- _Given data_
━━━━━━━━

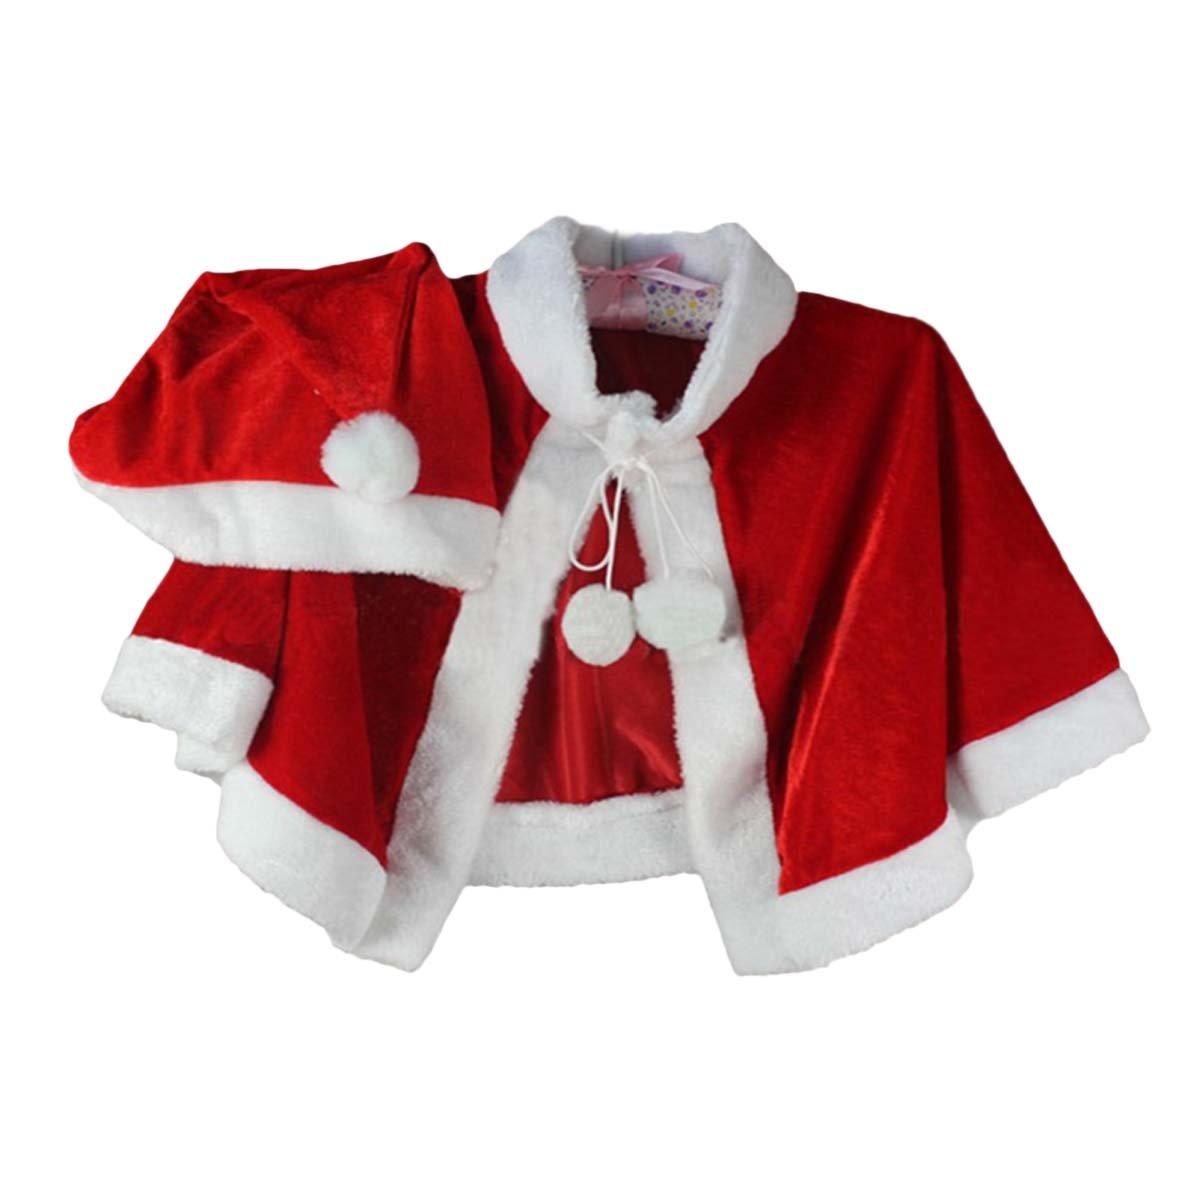 Fygood Capa roja de terciopelo, disfraz infantil/adulto para Navidad Cape+ Bonnet Talla:Enfant/Longueur 41cm
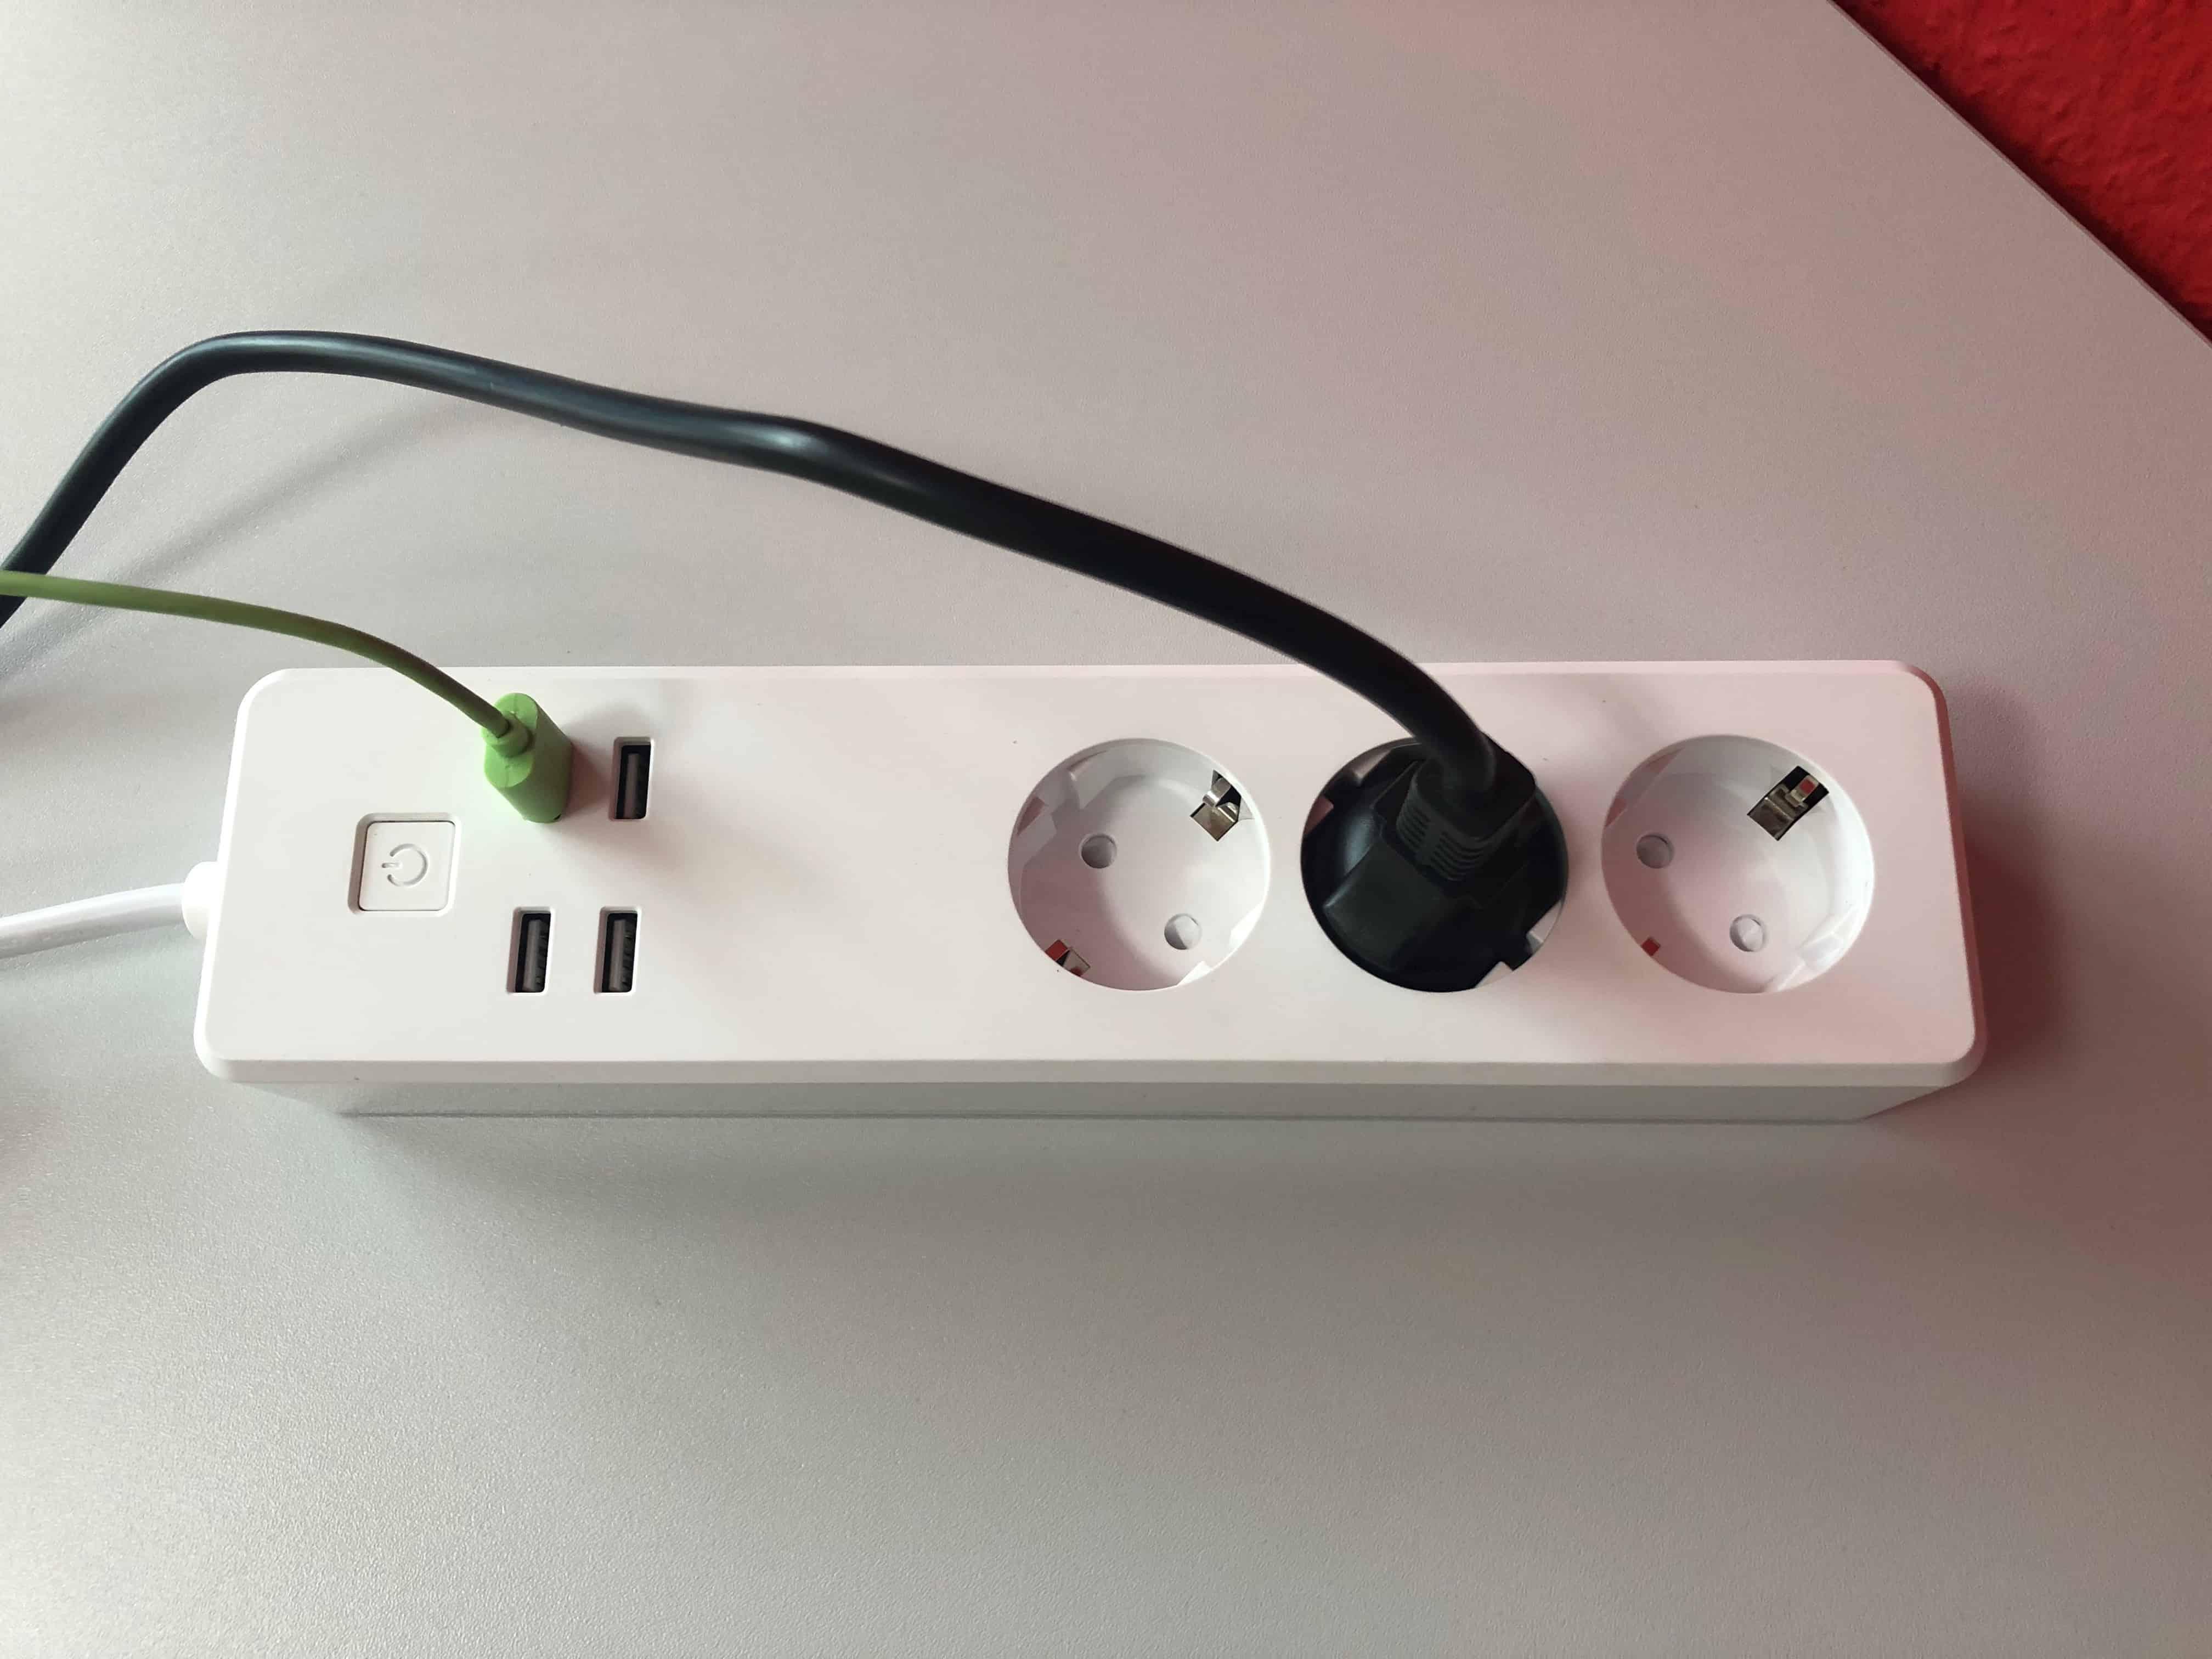 Meross MSS425E - Smarte Steckdosenleiste im Test - smarthomeblog.de
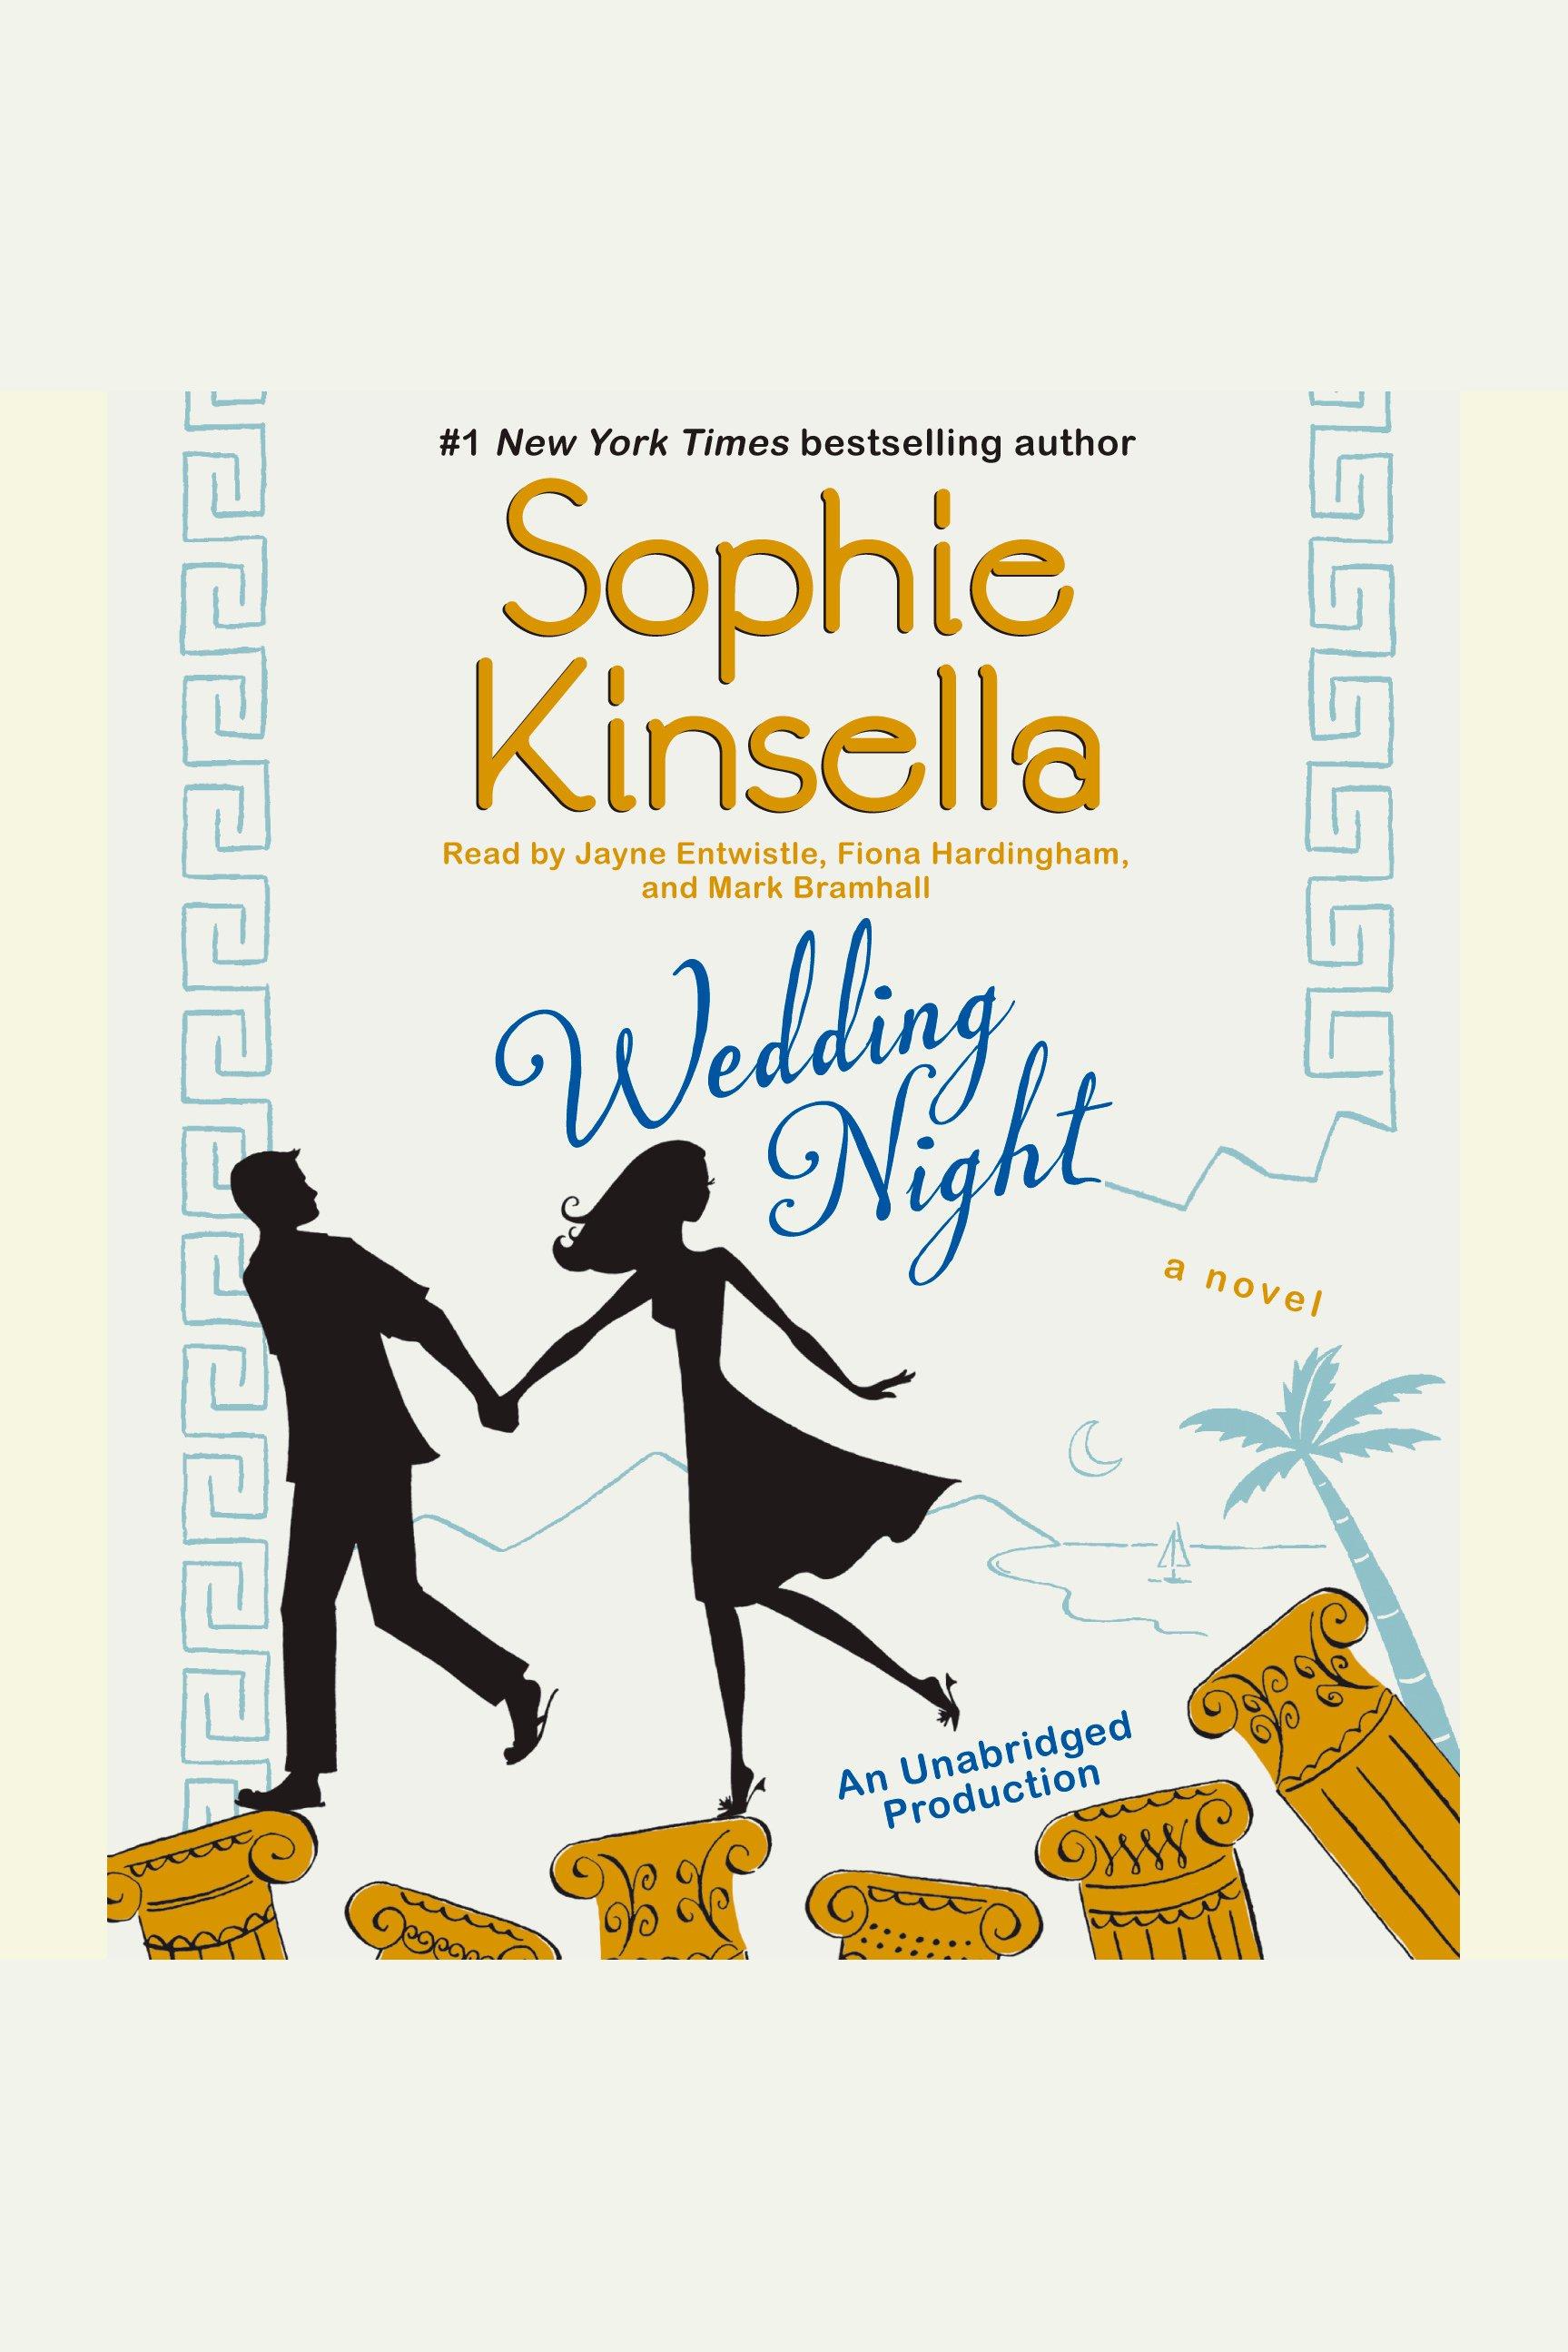 Wedding night cover image

━━━━━━━━

Retype the data above as given, letting no picture into the copy.

- _Output below_
 Fygood Capa roja de terciopelo, disfraz infantil/adulto para Navidad Cape+ Bonnet Talla:Enfant/Longueur 41cm
 Meross MSS425E - Smarte Steckdosenleiste im Test - smarthomeblog.de
 Wedding night cover image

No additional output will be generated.